Berwick's surveys and interviews suggest the reason for this paradoxical perspective on achieving economic equity: "After the financial crisis, there was a collapse of confidence in political and economic institutions in Spain," she says. "There was a shift in discourse, a corresponding crash in trust, which was felt most sharply among Catalans and to a smaller extent among Basques."

The sense that a central government was failing them fueled activists in regions seeking independence. "For nationalists building coalitions, the cultural dimension of shared language and history was not enough," says Berwick. "They needed to build an economic message."

The financial crisis helped to market the subnationalist movements, suggests Berwick.

"When speaking with prominent activists, I realized that for them identity and even independence were secondary to the central goal, which is taking care of their own people — an ethos of obligation to fellow Catalans or Basques," Berwick says. "I had not expected that."

This surprise, which challenged Berwick's thinking, is "typical of the pleasures and frustrations of my research," she says. "People don't fit into the narrative and you have to think on your feet and come up with a new one."

It is the kind of improvisation she has come to expect throughout her academic journey. After Yale and a year working in the U.S. House of Representatives, she pursued a master's degree at Oxford University. Berwick did not have to seek far for a research topic: At Yale, she had been engaged by the violent conflict in Sudan around Darfur's drive for independence.

"I was already thinking about why and where nationalist discourses come from and how they change over time," she says. With Oxford's wealth of archival resources at hand, Berwick began exploring episodes of early 20th century nationalism: Ireland, India, and Egypt, all revolting against British control. "I sorted through historical material and managed to find hidden connections among these disparate cases," she says.

She came to MIT in search of a doctoral education where she could continue this kind of research while receiving rigorous training in quantitative methods. "Taking the quant sequence here, I remembered I really liked math," she says. Berwick enjoyed these classes so much that she served in one she had just completed as a teaching assistant. "Teaching is a great antidote to my research routine," she notes, "along with yoga classes and reading science fiction."

With the help of advisors Fotini Christia and Kathleen Thelen, Berwick shaped her final dissertation project. "Their mentorship has been so important to me, and without them I would never have been able to frame my research agenda," she says.

Before earning her degree in June 2019, Berwick must return to Europe several more times for interviews, archival research and surveying. It has not become easier for her. "No one tells you how lonely field work is, if you're doing it on your own for a year," she says. But solitude can lead to unexpected rewards.
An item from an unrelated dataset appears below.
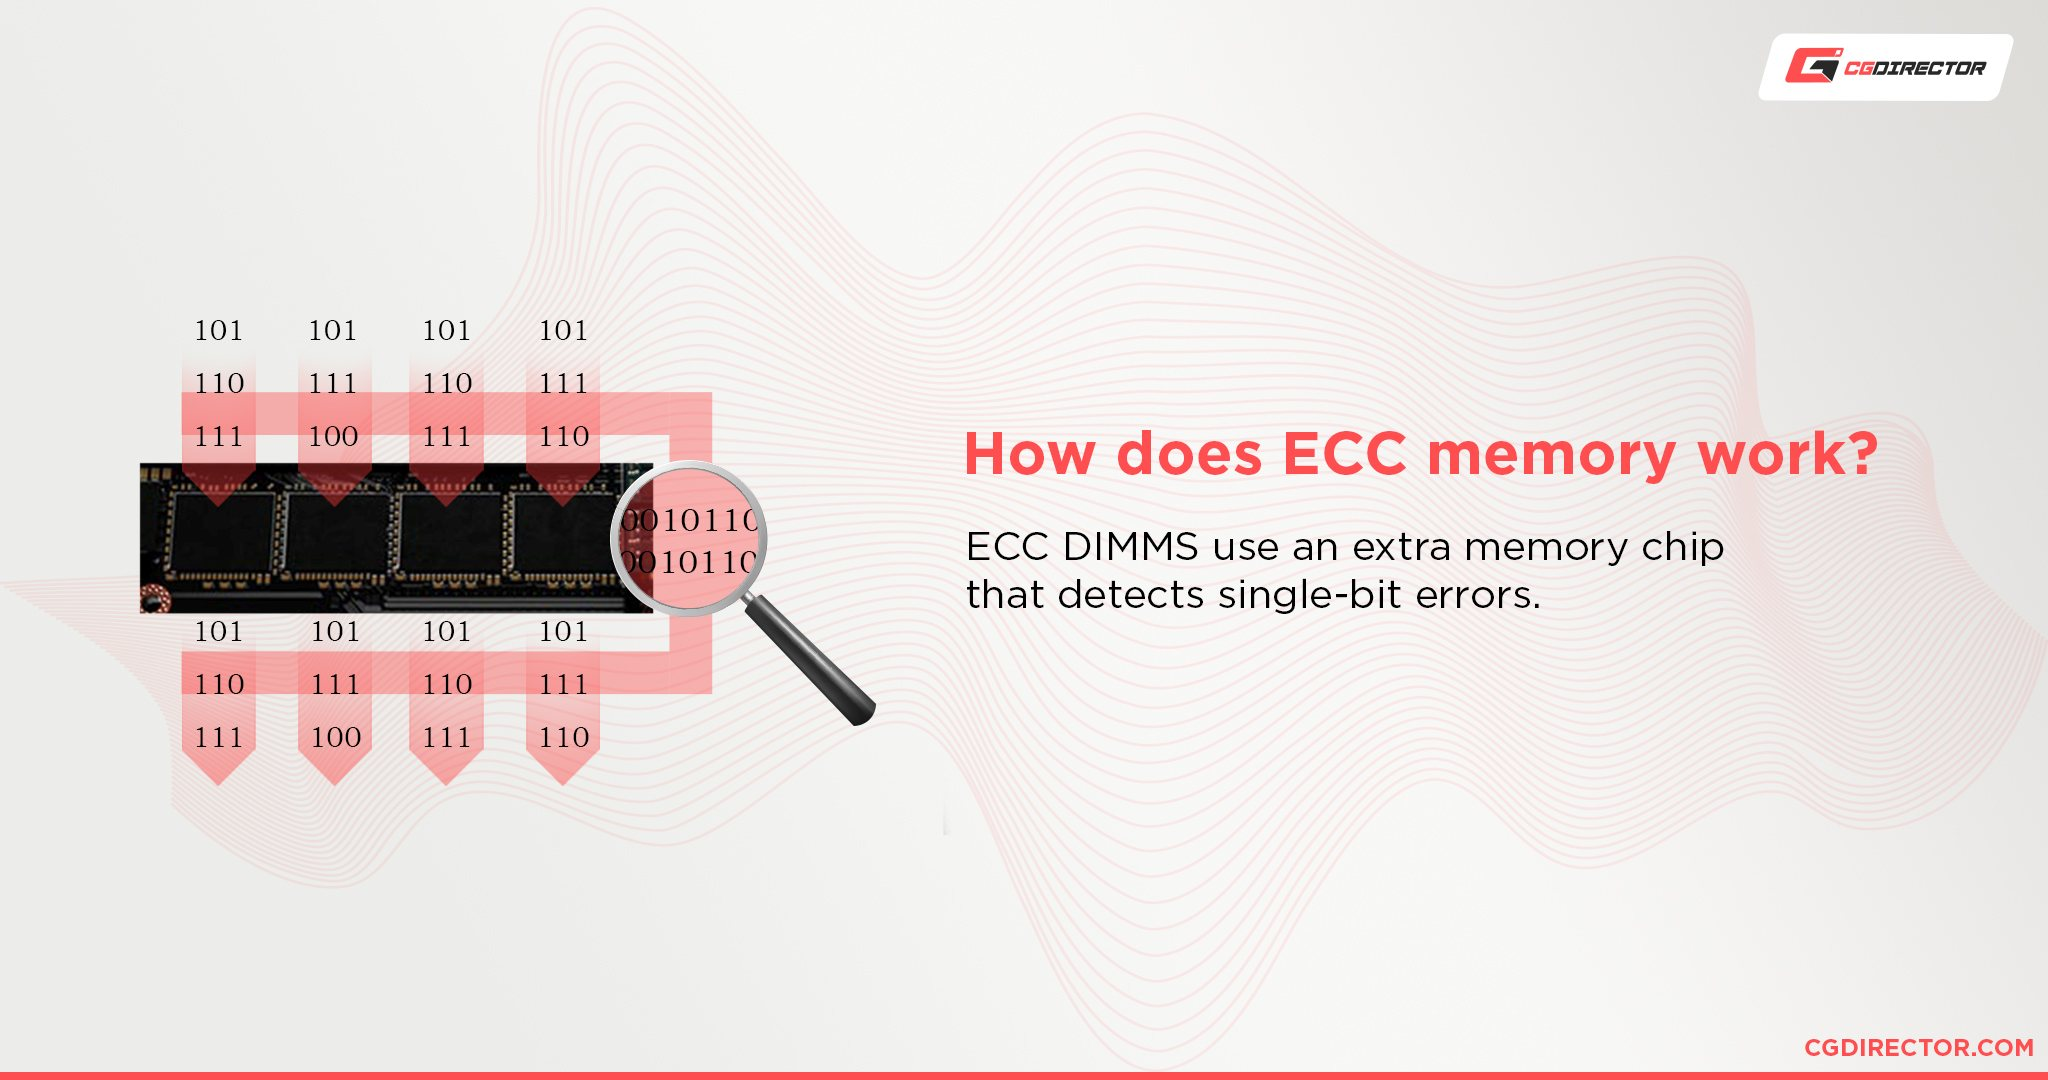 How does ECC memory work
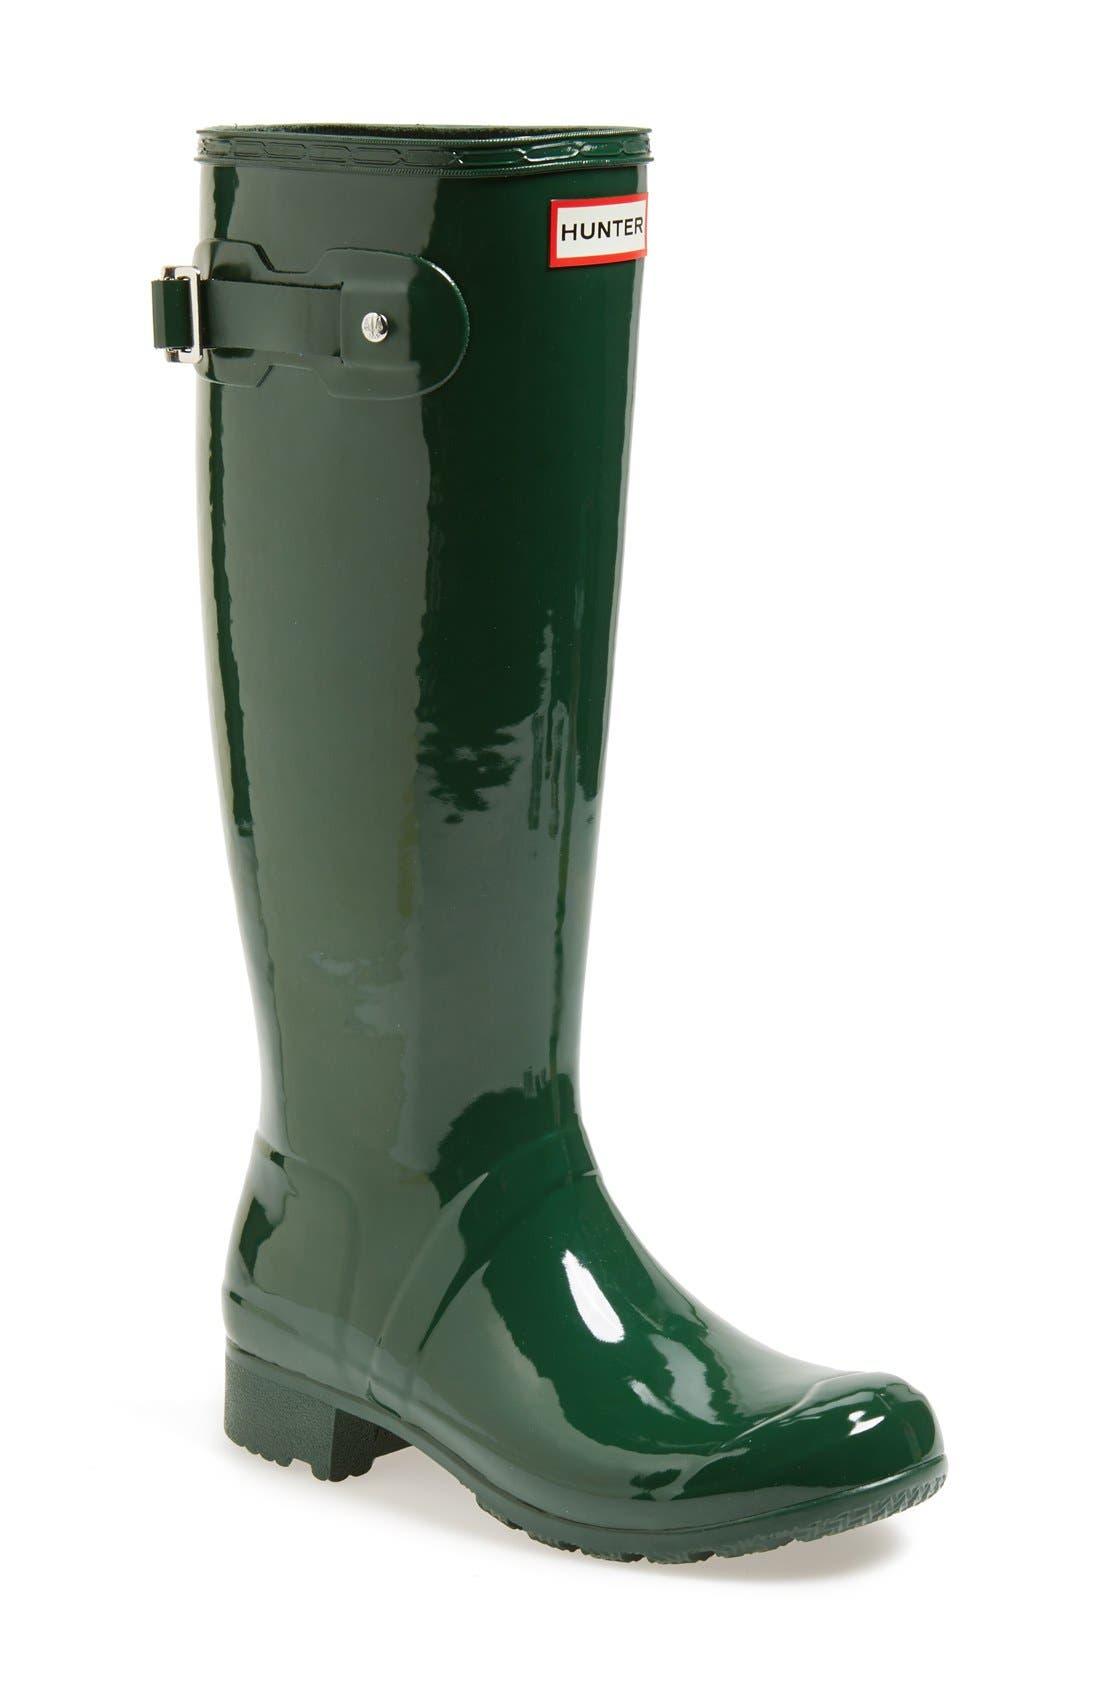 Alternate Image 1 Selected - Hunter Original Tour Gloss Packable Rain Boot (Women)

"I didn't know anyone in Barcelona, so I googled a synagogue for high holy days," Berwick recalls. The service was presented in five languages at once — Catalan, Hebrew, Castilian Spanish, English, and French. "I introduced myself to the woman next to me, and I discovered she had started a chapter of Jews for Catalan Independence," Berwick says. "It was a weird but funny intersection of my seeking community and finding something really useful for my research."